HKLM\Software\Microsoft\Windows\CurrentVersion\Run

AVG uses this hey to launch AVGCC32.exe. Either allow full access to this key, or let AVG_CC write to it before disabling access.


How can I change the key to be able to write to it?

Thanks in advance for your help!

Steven E.

 

[bcastner]

Use regedit and browse to the key.
Right click on the key and set the necessary permissions.

 

[Seecke]

Thanks for the direction, however, there is no option called properties for that key.

 

[bcastner]

Permissions. Right-click on the key and check the Permissions, not the Properties.

 

[Seecke]

My Bad... I meant to say permissions... there is a permissions entry on the RUN key but not the one for the AVG entry on the right side of the screen. Infact everything on the right side does not have a permissions option. I have tried to set the RUN key permissions to full control on the CREATOR OWNER entry but it doesnt wanna take.

Things that make you go hmmmmmmmmm

 

[gpalmer711]

You will need to add permissions for at least the user name that you are currently using.

Greg Palmer
Free Software for Adminstrators

http://www.palmersoft.co.uk

 

[bcastner]

There are a number of FAQ's around this site that should help with the problem.

FAQ608-4650 Before Posting a Hijack log file - Best Practices
FAQ608-3482 How to beat your advertising popups & other browser nasties
FAQ760-4866 Beginners General Cleanup
FAQ779-5240 What are Good Virus/Spyware?Update/Firewall Practices?

A complete steal from Forum member smah's comments here:

http://www.tek-tips.com/viewthread.cfm?SQID=896281&SPID=608&page=1

 

[smah]

You didn't steal from me - I just posted them all in one place.

All that superb information in those FAQ's is from members bcastner, gpalmer711, manarth and THoey - thanks all for writing them.



My tip for the day - I use Outlook's notes to store some of these compiled references, including the TGML formatting. Then it's just a simple copy & paste.

Steve

 

[bcastner]

smah,
Well I did steal your compilation of FAQs, grant me at least I admitted to the crime.

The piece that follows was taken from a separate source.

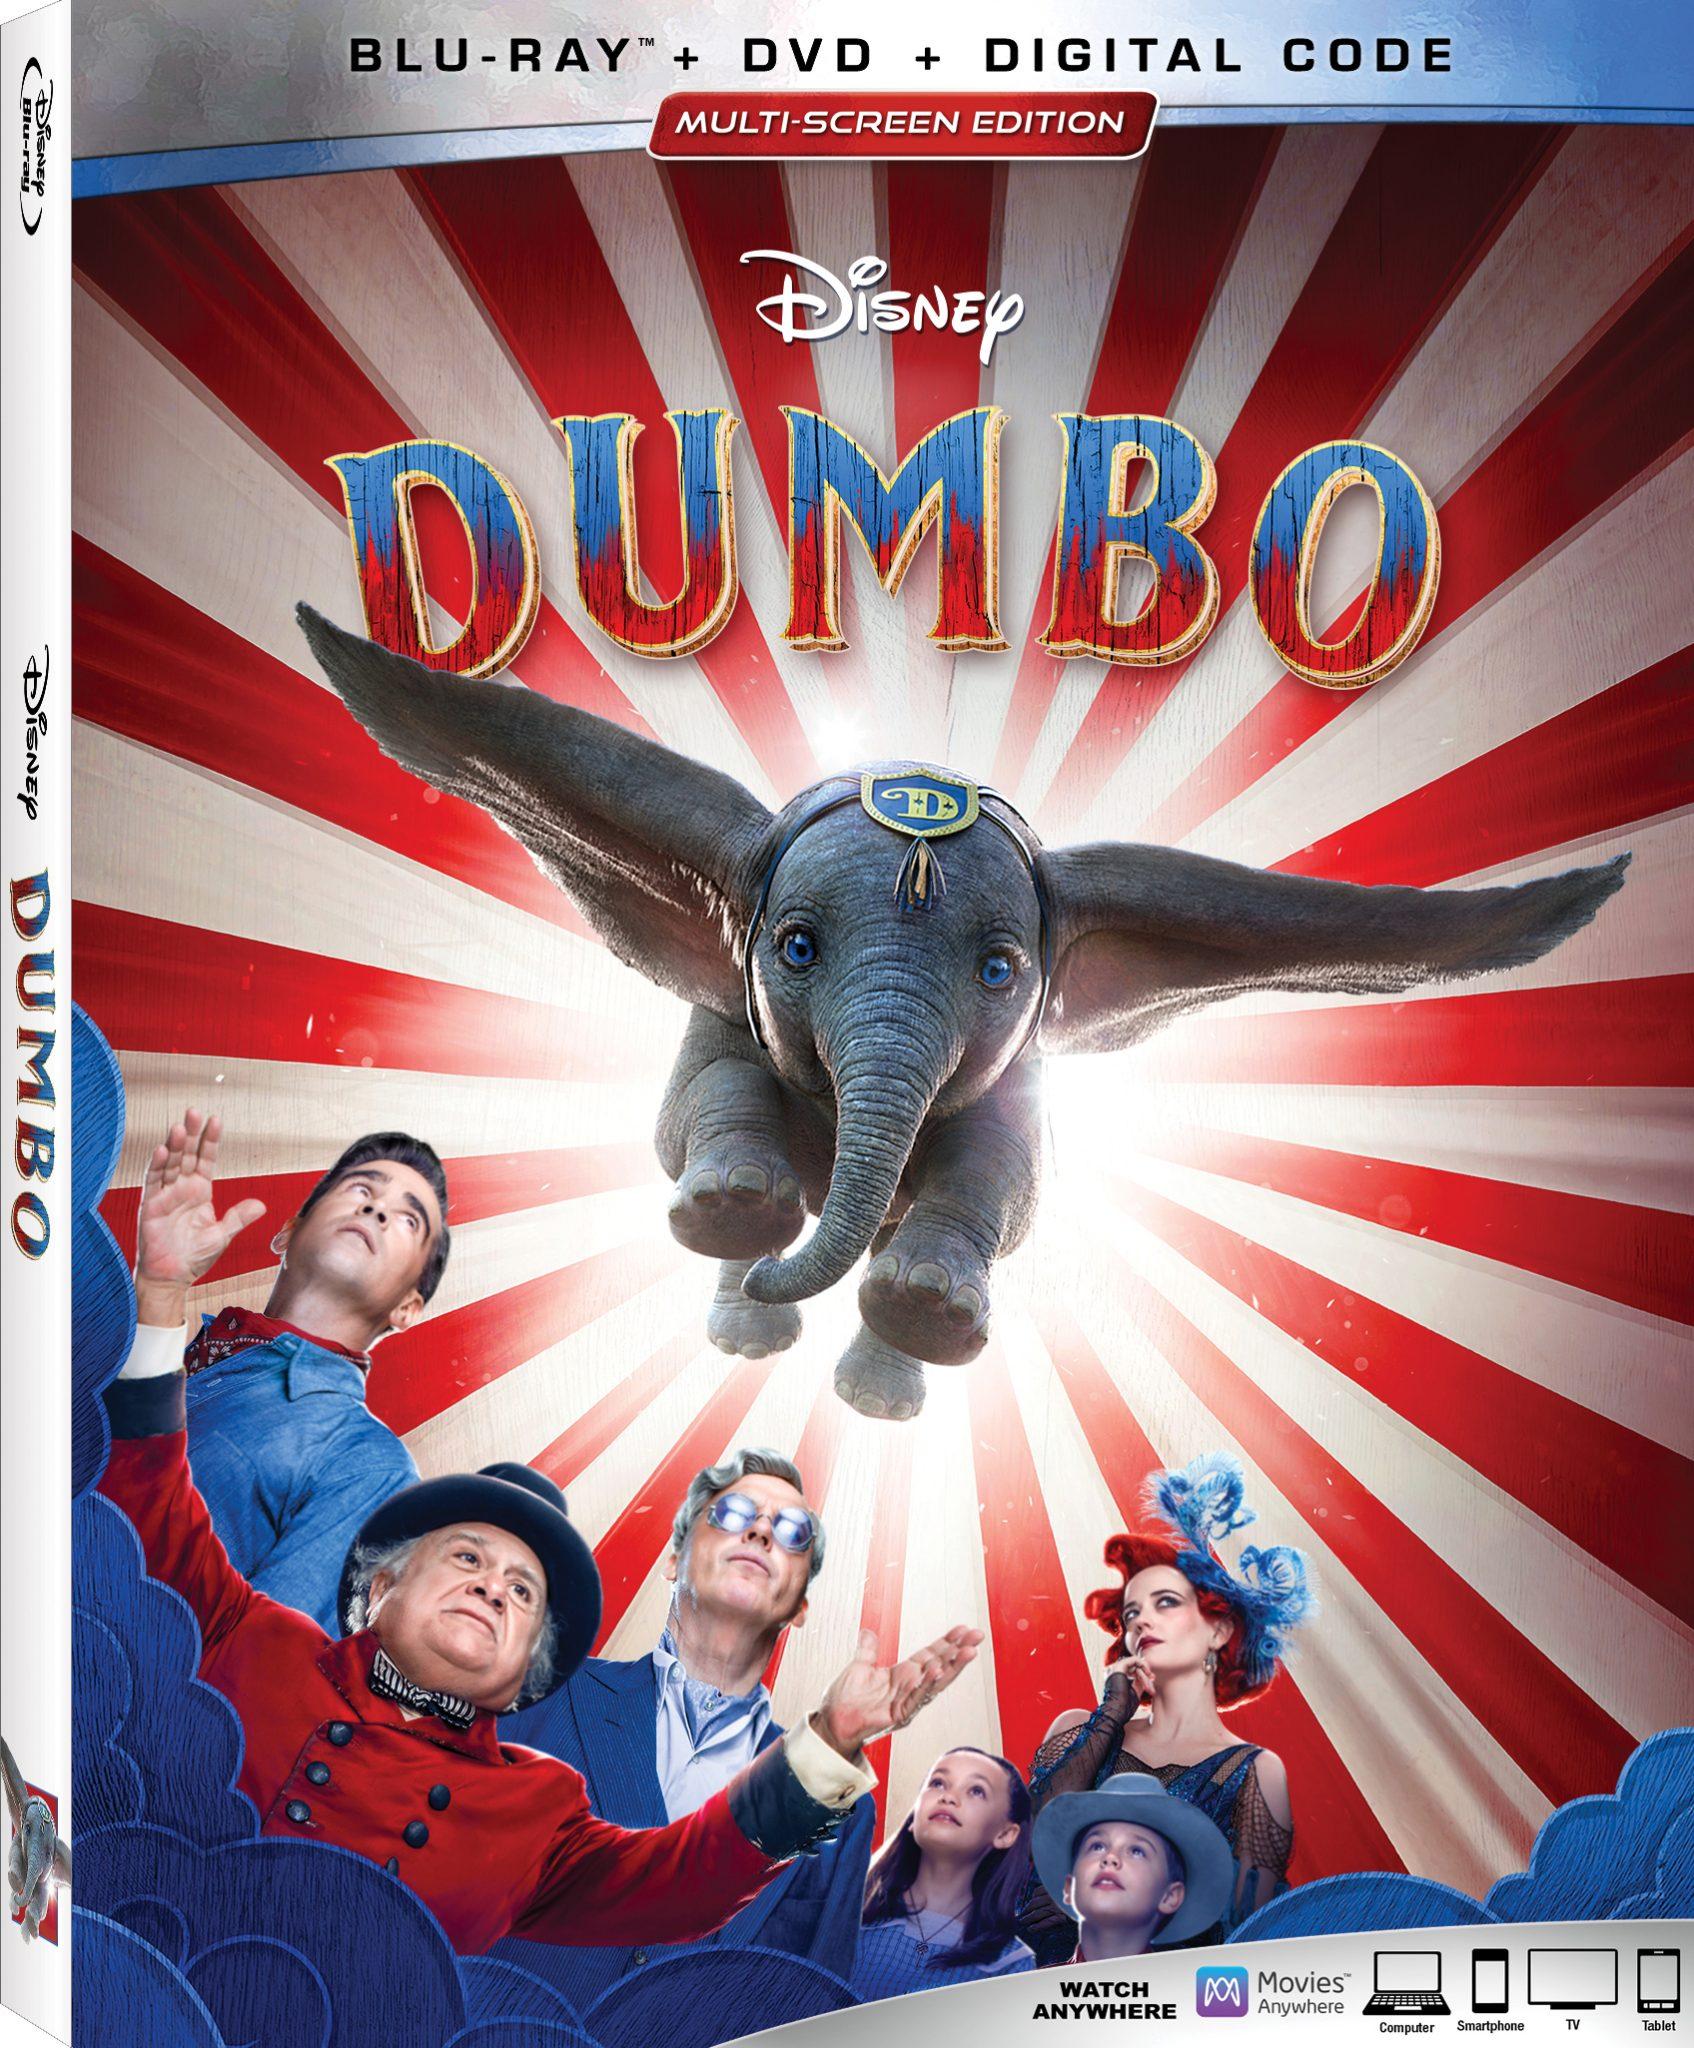 DUMBO is on Blu-ray and Digital TOMORROW 6/24 -Celebrate with Fun Activities! #Dumbo
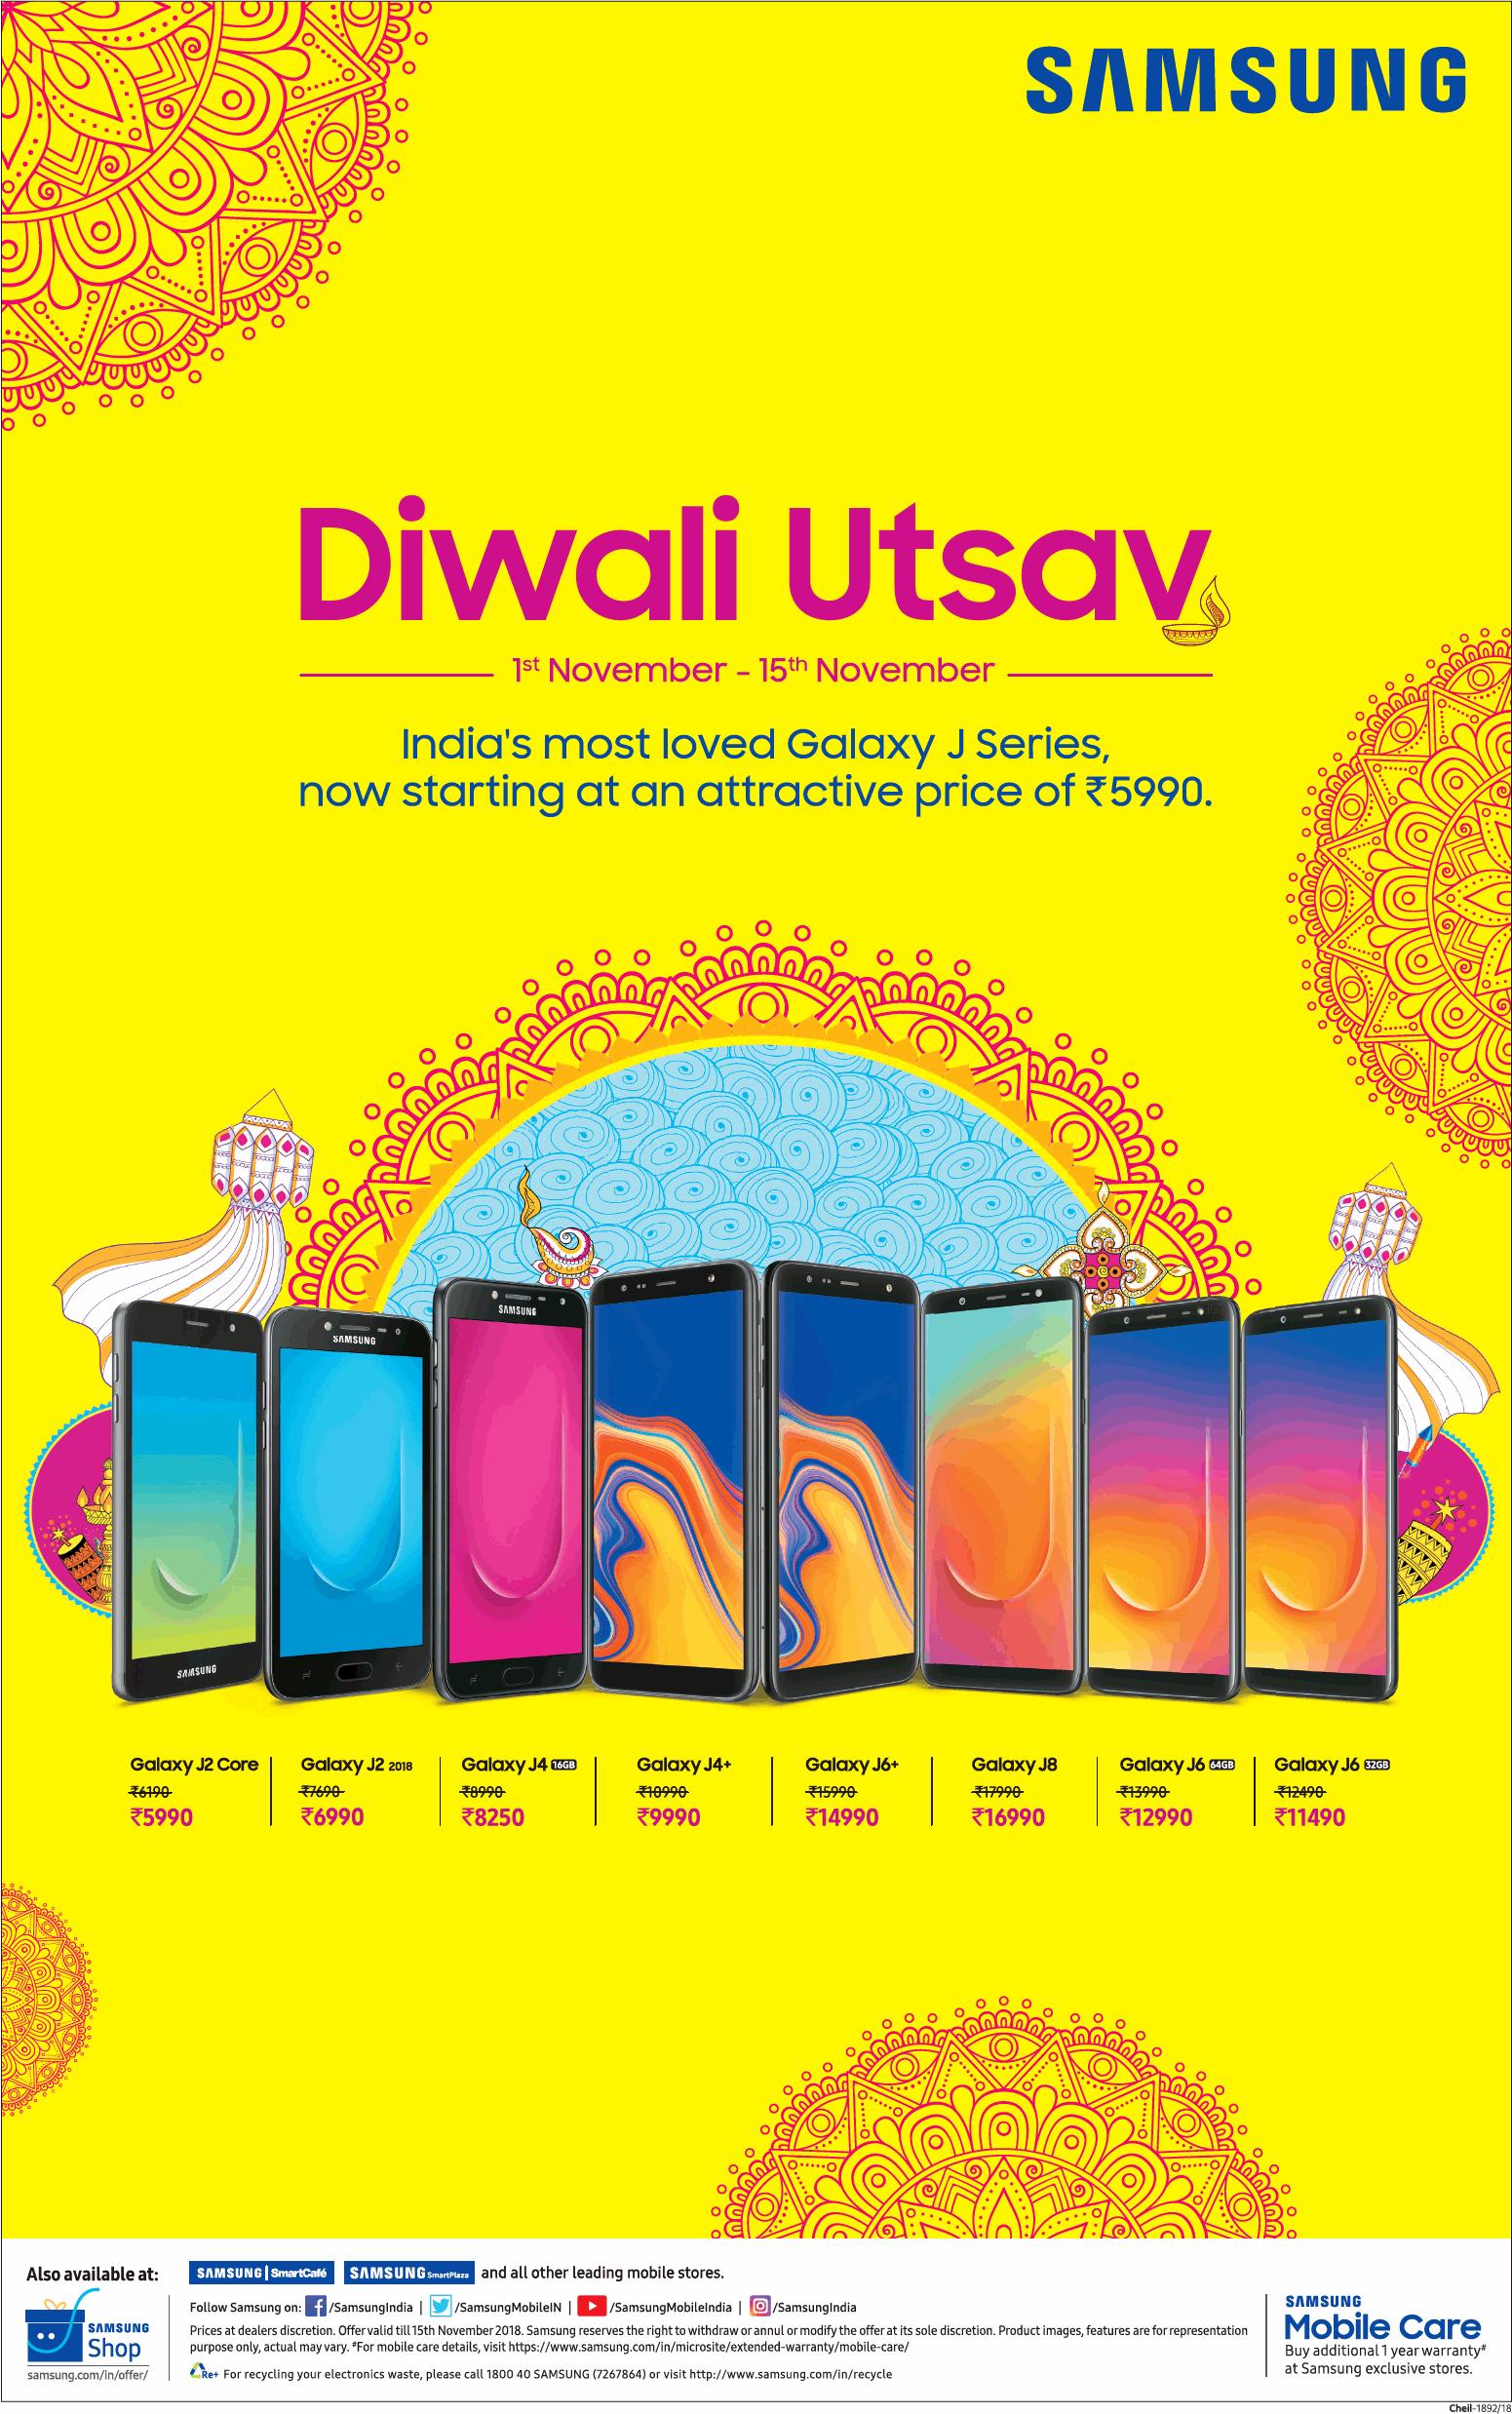 b651a35ab93 Samsung Diwali Utsav India s most loved Galaxy J Series

In the last month I have seen some truely incredible malwre as the result of internet use. While myself and others have fought the good fight, I suspect we are beginning to lose this war. It took me an entire day to strip malware from a site. Here is what makes me angry at the moment:

. I have a teenage daugter who uses AIM. Without asking, here AIM was set to send a "While I away" message that was completely obscence. As were all of her buddies. This was a genuine pain to clear up;

. I have a neighbor who wanted to go wireless. No problem, I set it up and it worked perfectly. A week later he calls me: nobody can access the internet. His daughter had installed a peer-2-peer application, and the included malware had spread to every on their local LAN.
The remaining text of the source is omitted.